With the pictures omitted, repeat exactly the lines below starting with the line that has "Montgomery Ward TMO-33942A, TMO-33941A, TMO-33940A" and going on through the line that has "Nike Slim-fit Pro".
[Stored data Boundary: Start]
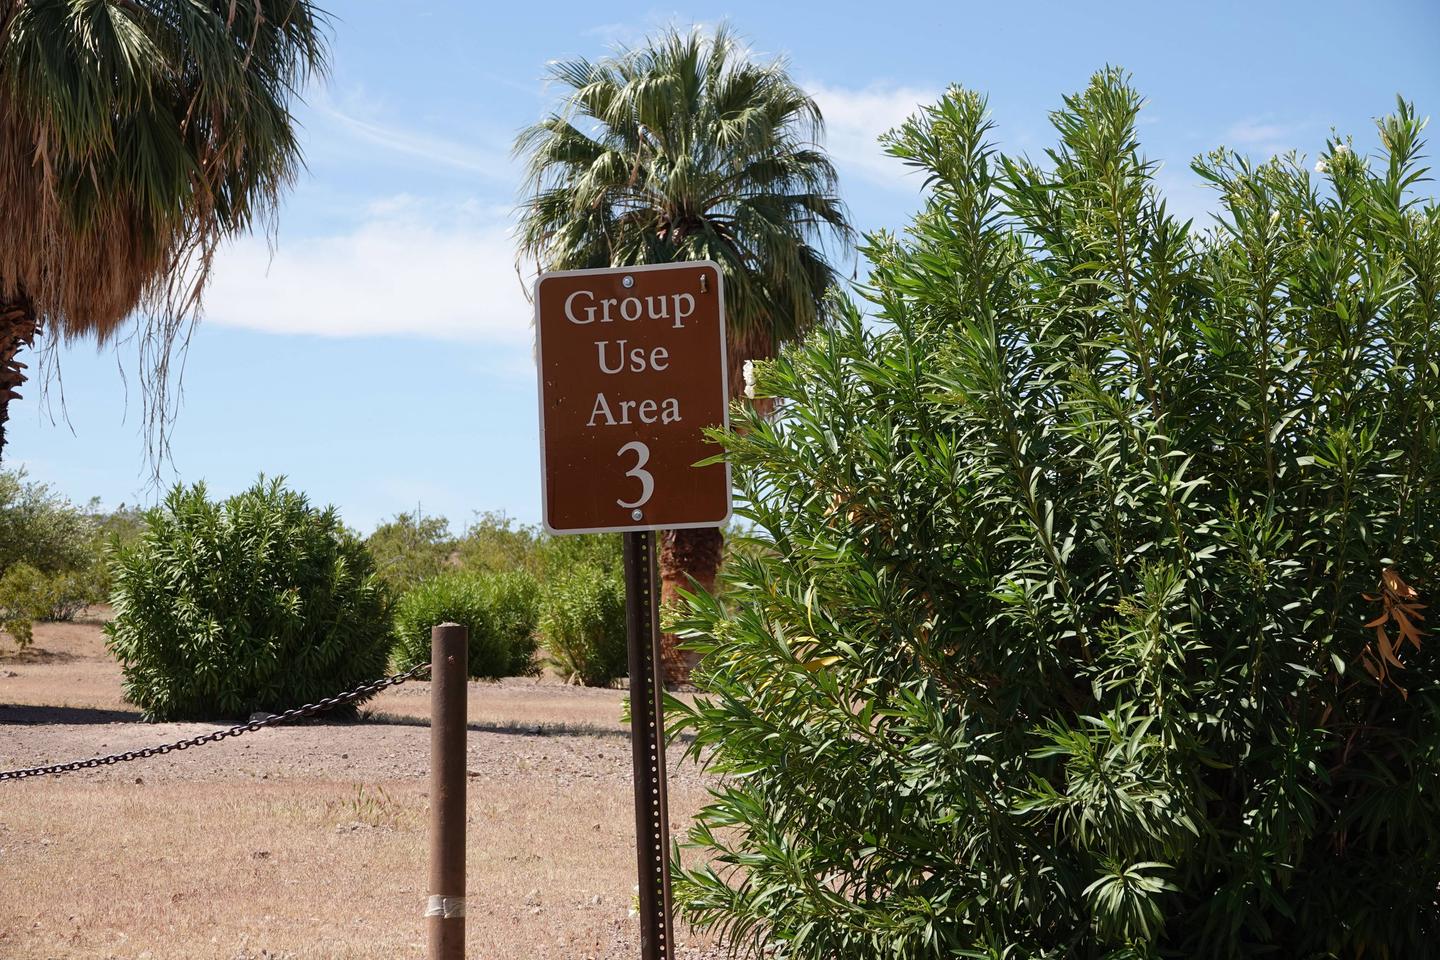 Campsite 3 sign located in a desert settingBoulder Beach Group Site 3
[Stored data Boundary: End]
[Stored data Boundary: Start]
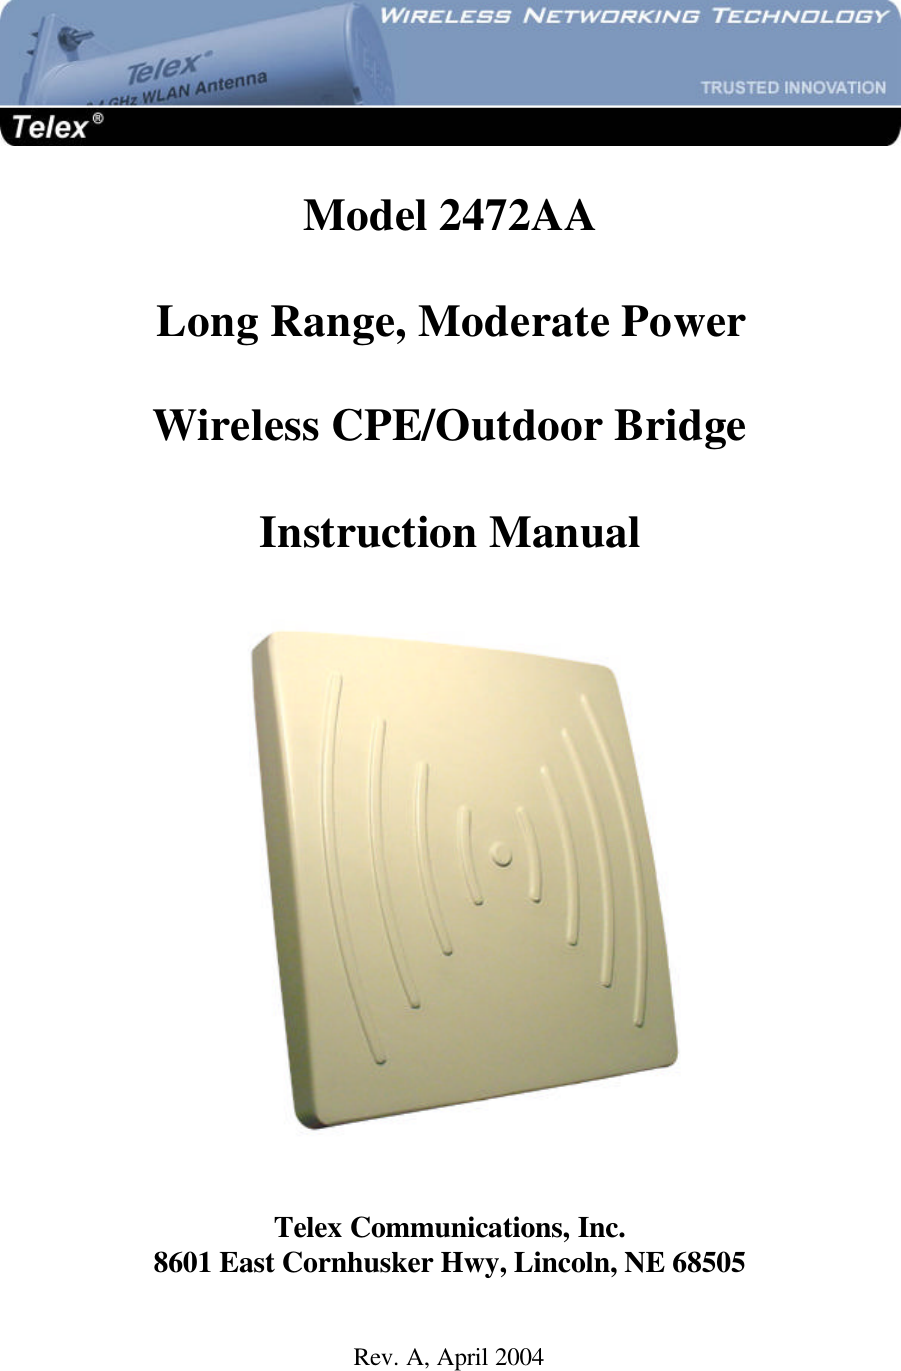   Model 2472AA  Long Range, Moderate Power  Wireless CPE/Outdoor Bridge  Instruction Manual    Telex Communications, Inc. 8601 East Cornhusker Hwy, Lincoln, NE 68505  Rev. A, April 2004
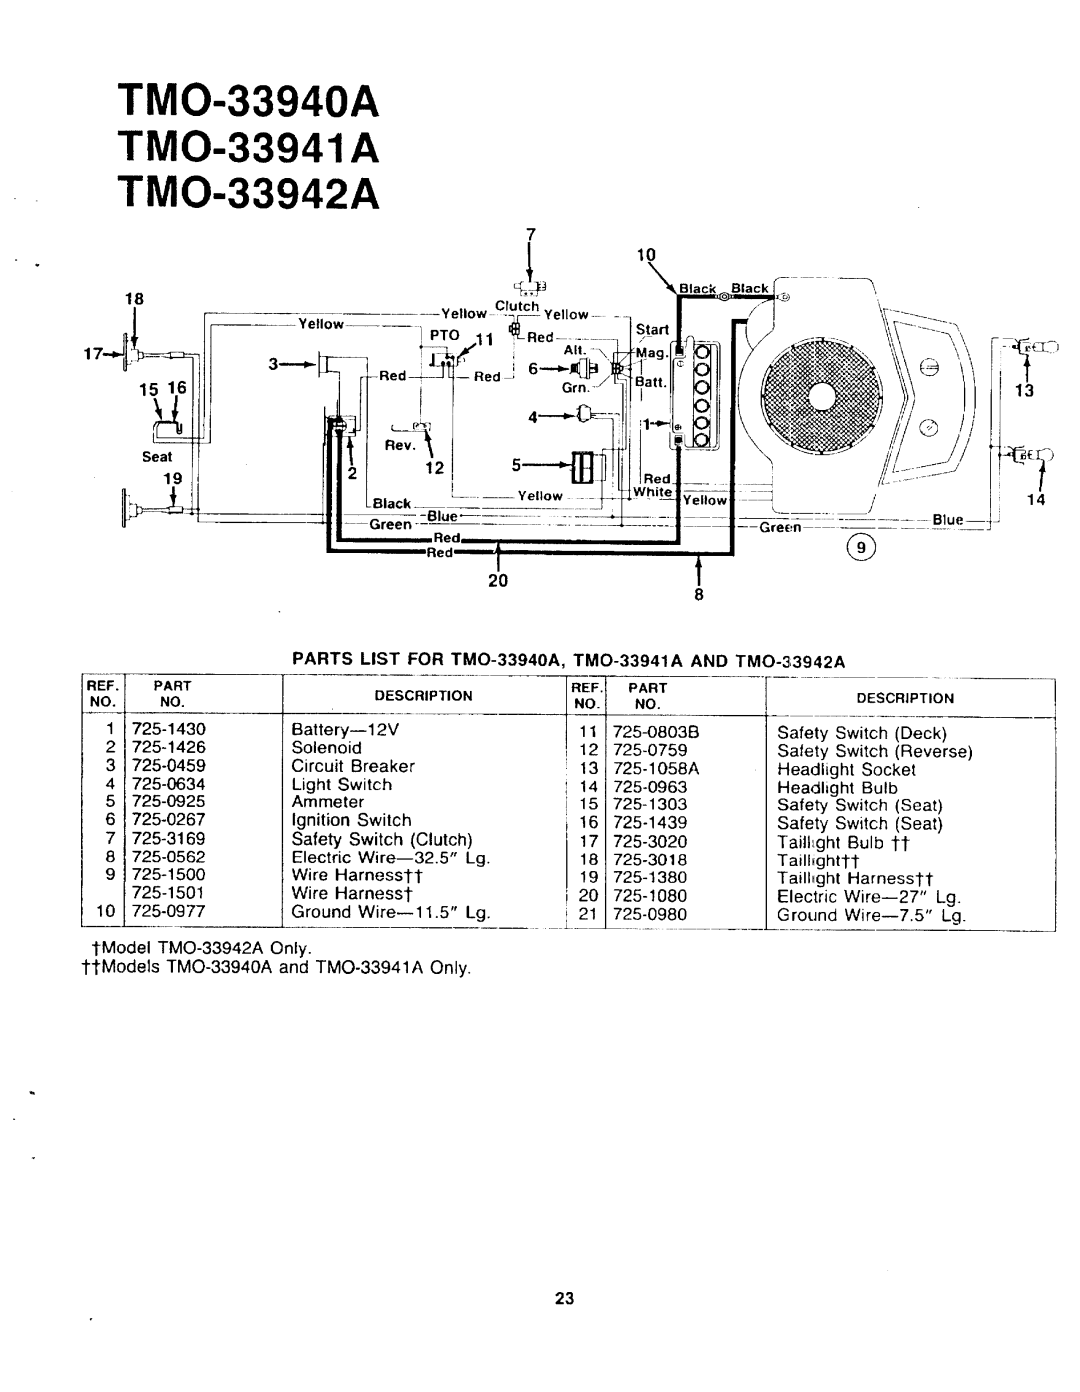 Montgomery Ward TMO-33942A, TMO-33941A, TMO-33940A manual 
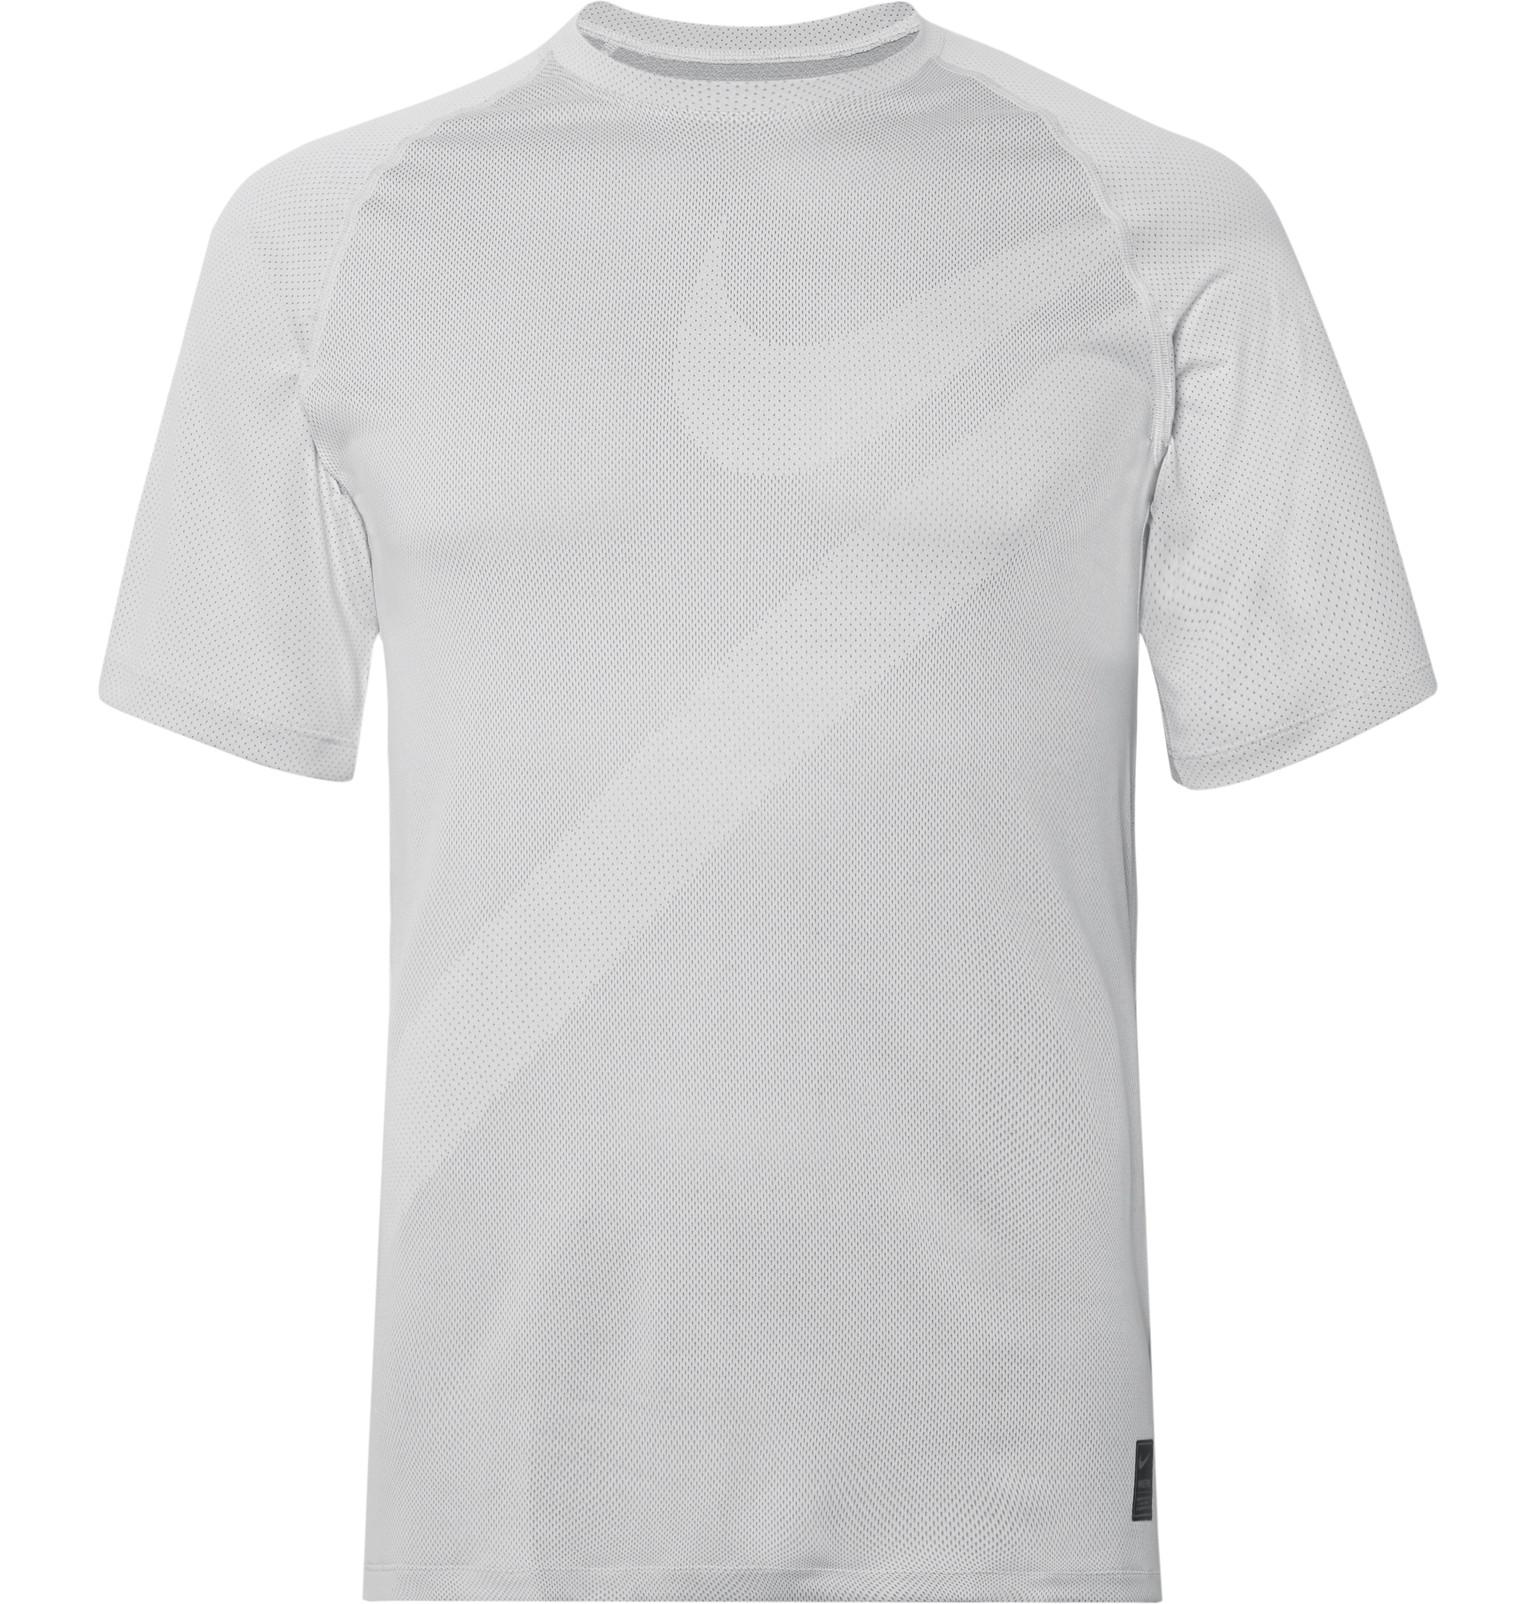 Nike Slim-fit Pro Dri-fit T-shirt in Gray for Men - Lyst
[Stored data Boundary: End]
### Exercise answer
 Montgomery Ward TMO-33942A, TMO-33941A, TMO-33940A manual 
 Nike Slim-fit Pro Dri-fit T-shirt in Gray for Men - Lyst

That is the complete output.